— Description of the task —
Beginning with the line that contains "Swiss Confederation, Reka-Ceck", repeat each line exactly through the end of the listing below. Pictures stay out.

— Input records —
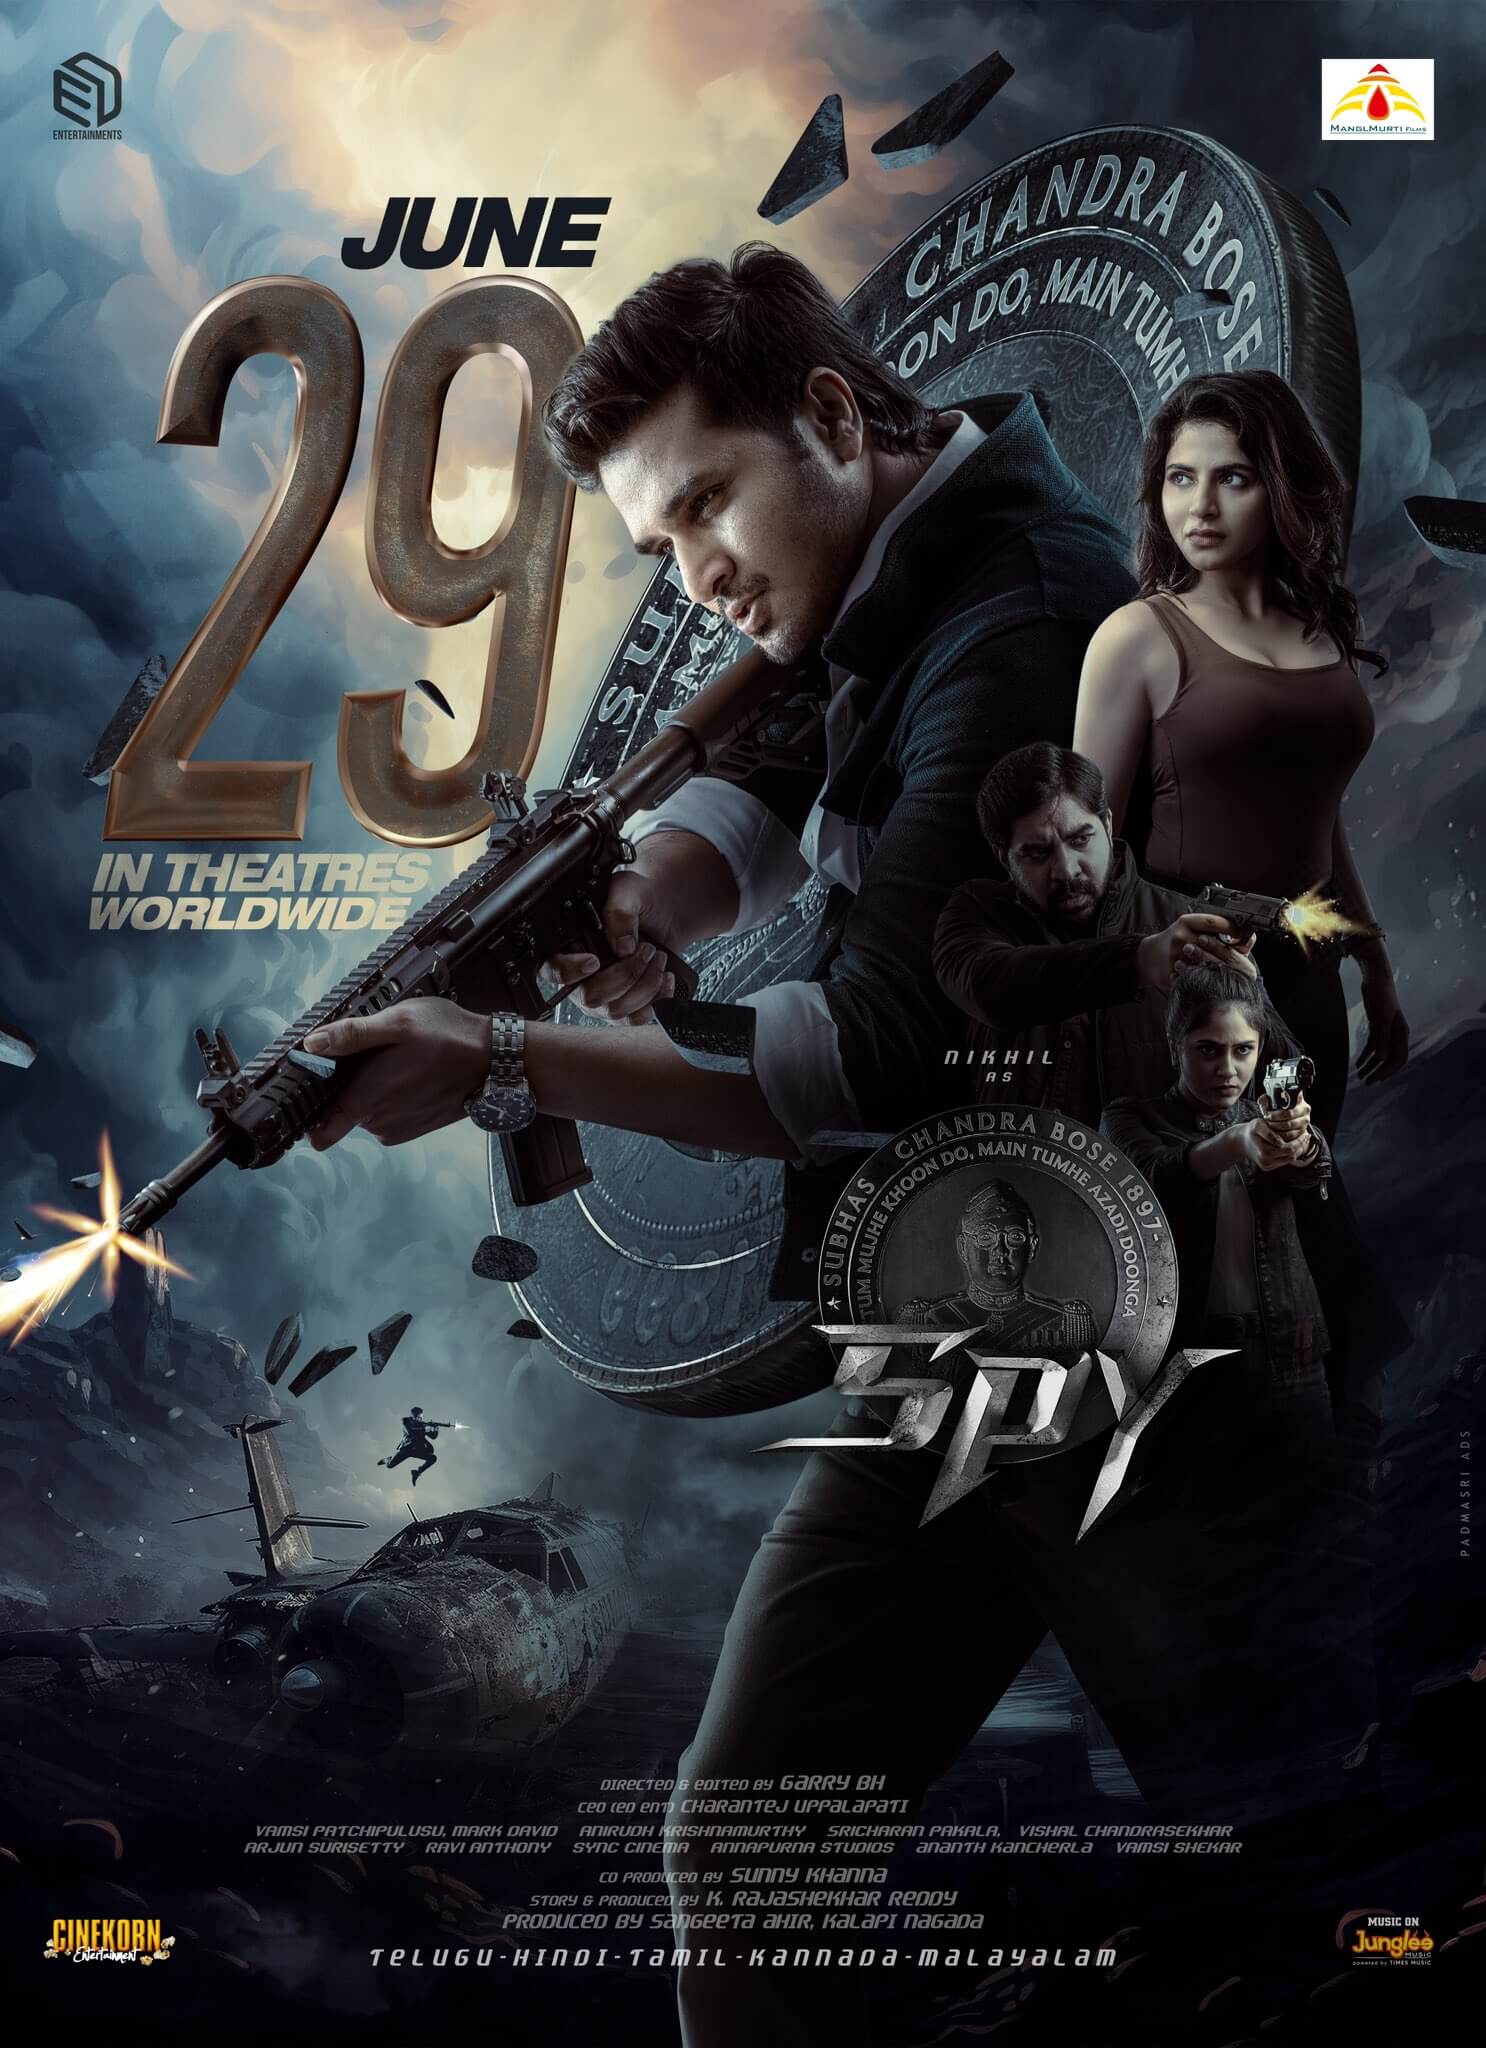 Spy Movie Poster
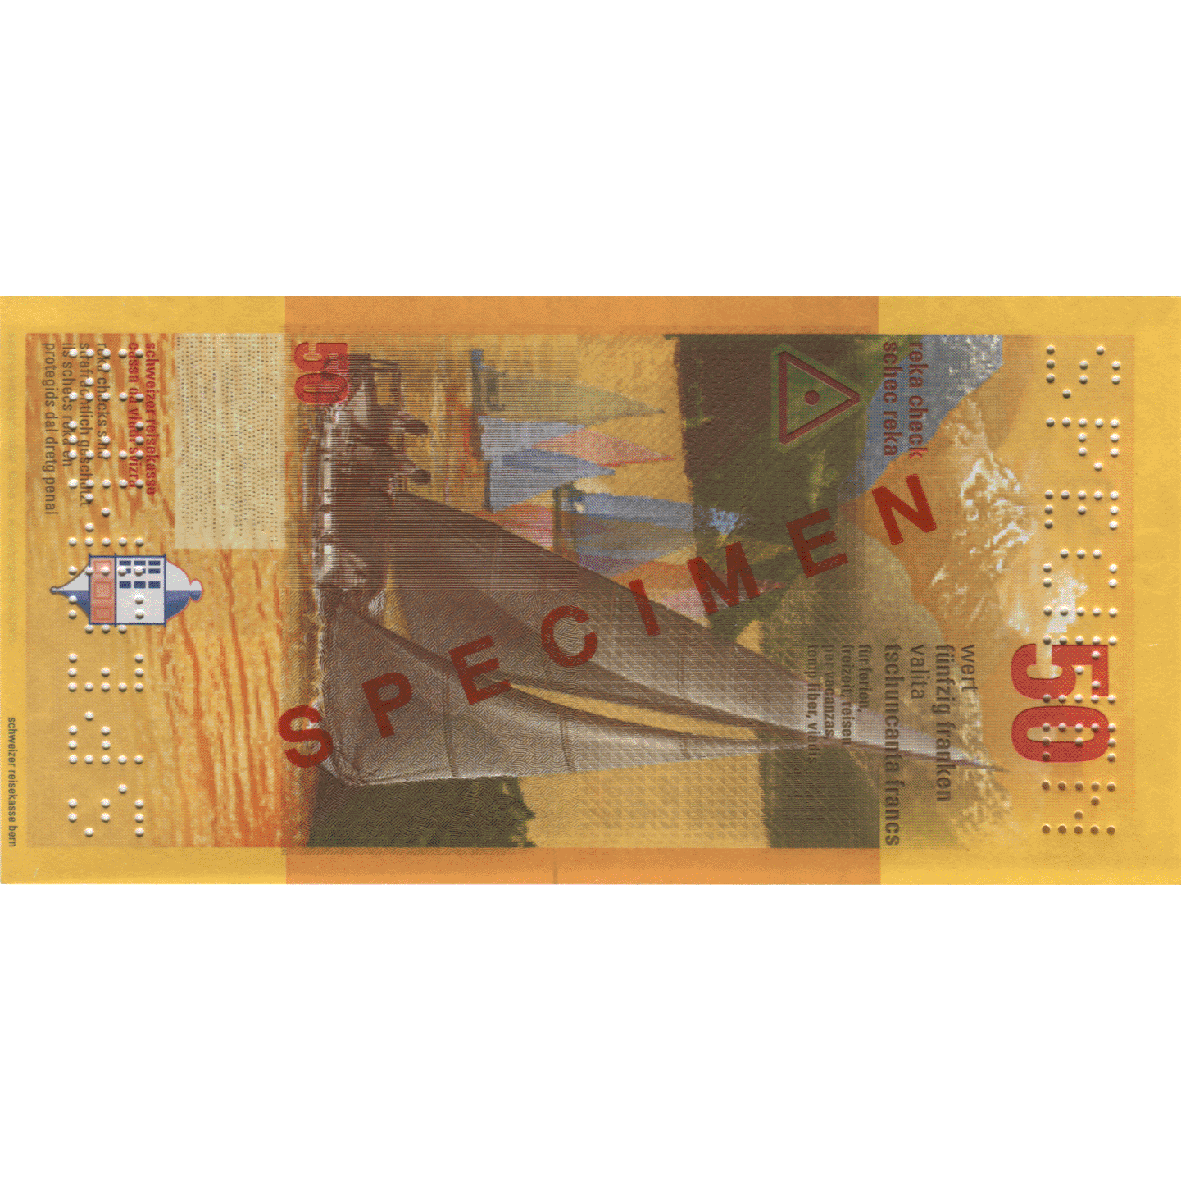 Swiss Confederation, Reka-Ceck 50 Francs (obverse)
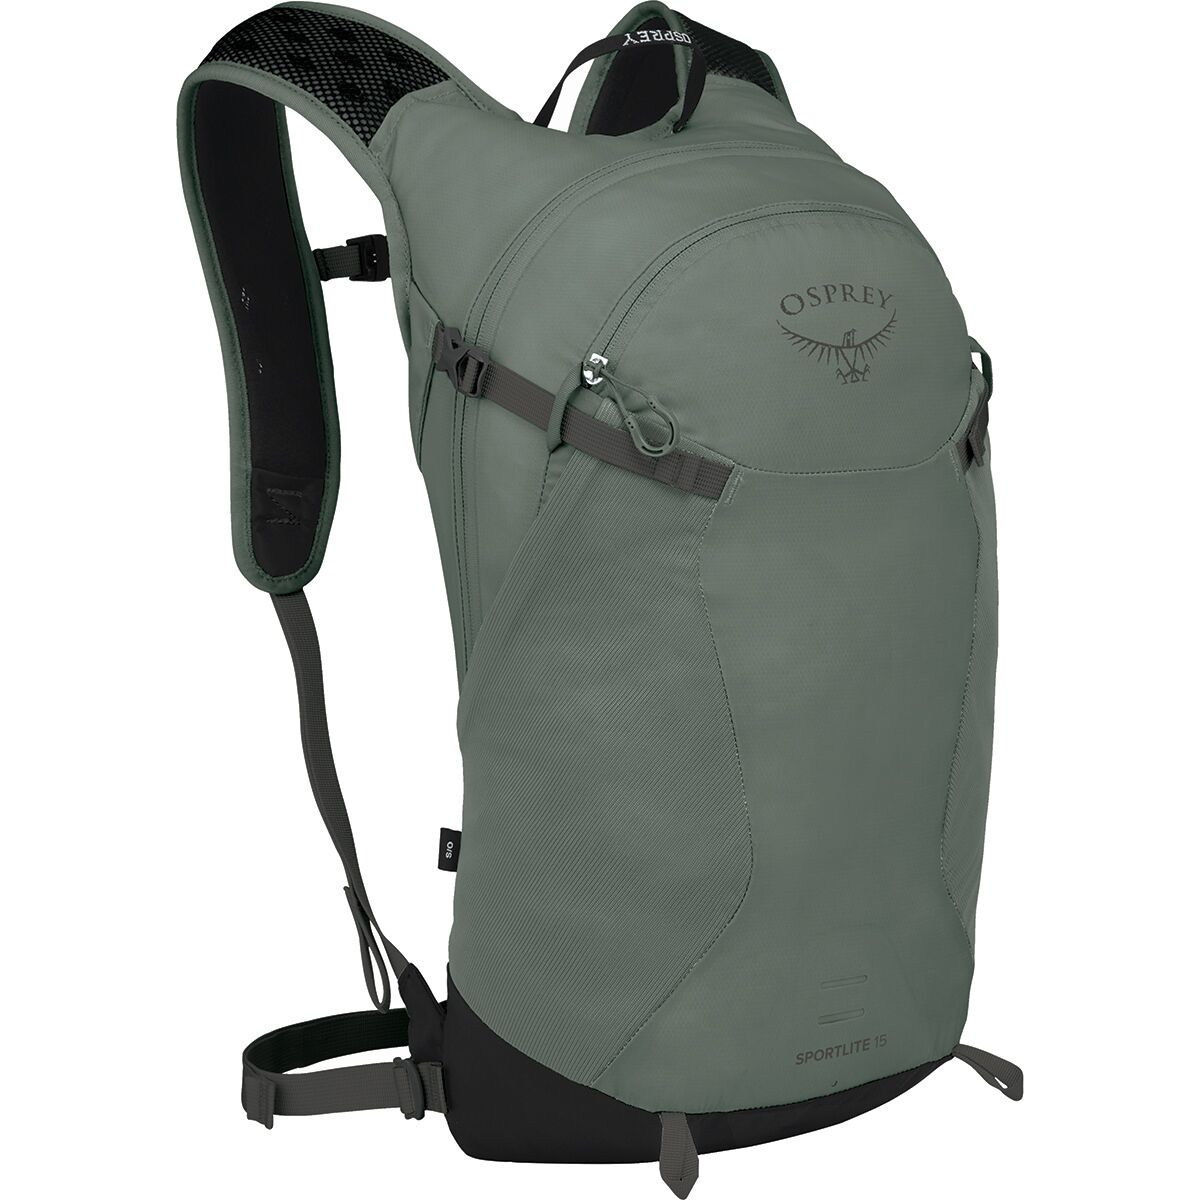 zeewier naar voren gebracht pot Osprey Packs Sportlite 15L Backpack - Accessories
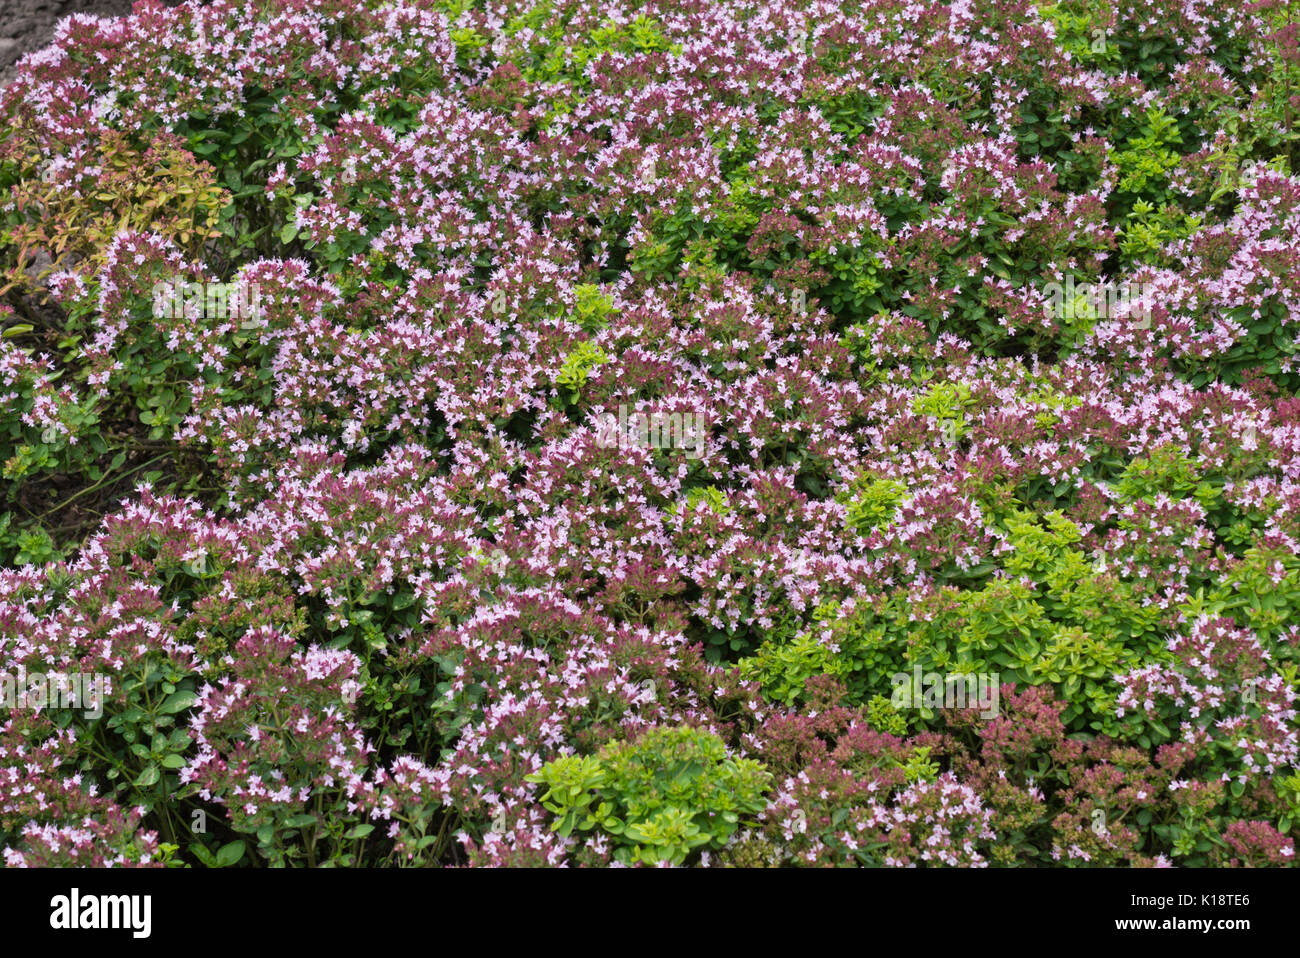 Greek oregano (Origanum vulgare 'Compactum') Stock Photo
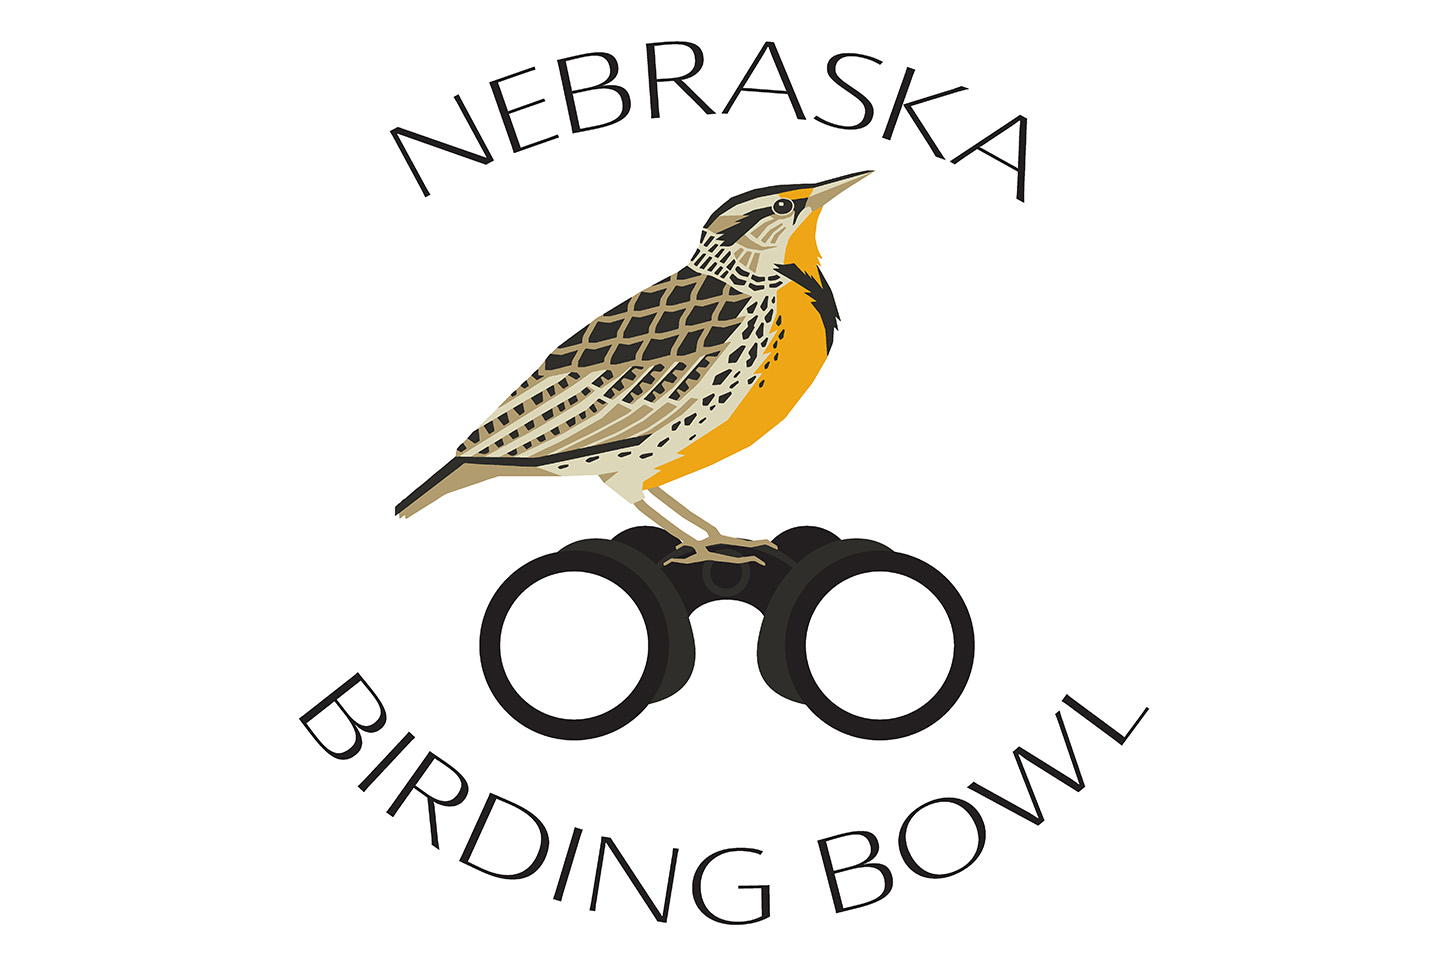 Read More: Nebraska Birding Bowl

— Answer —
 Swiss Confederation, Reka-Ceck 50 Francs (obverse)
 zeewier naar voren gebracht pot Osprey Packs Sportlite 15L Backpack - Accessories
 Greek oregano (Origanum vulgare 'Compactum') Stock Photo
 Read More: Nebraska Birding Bowl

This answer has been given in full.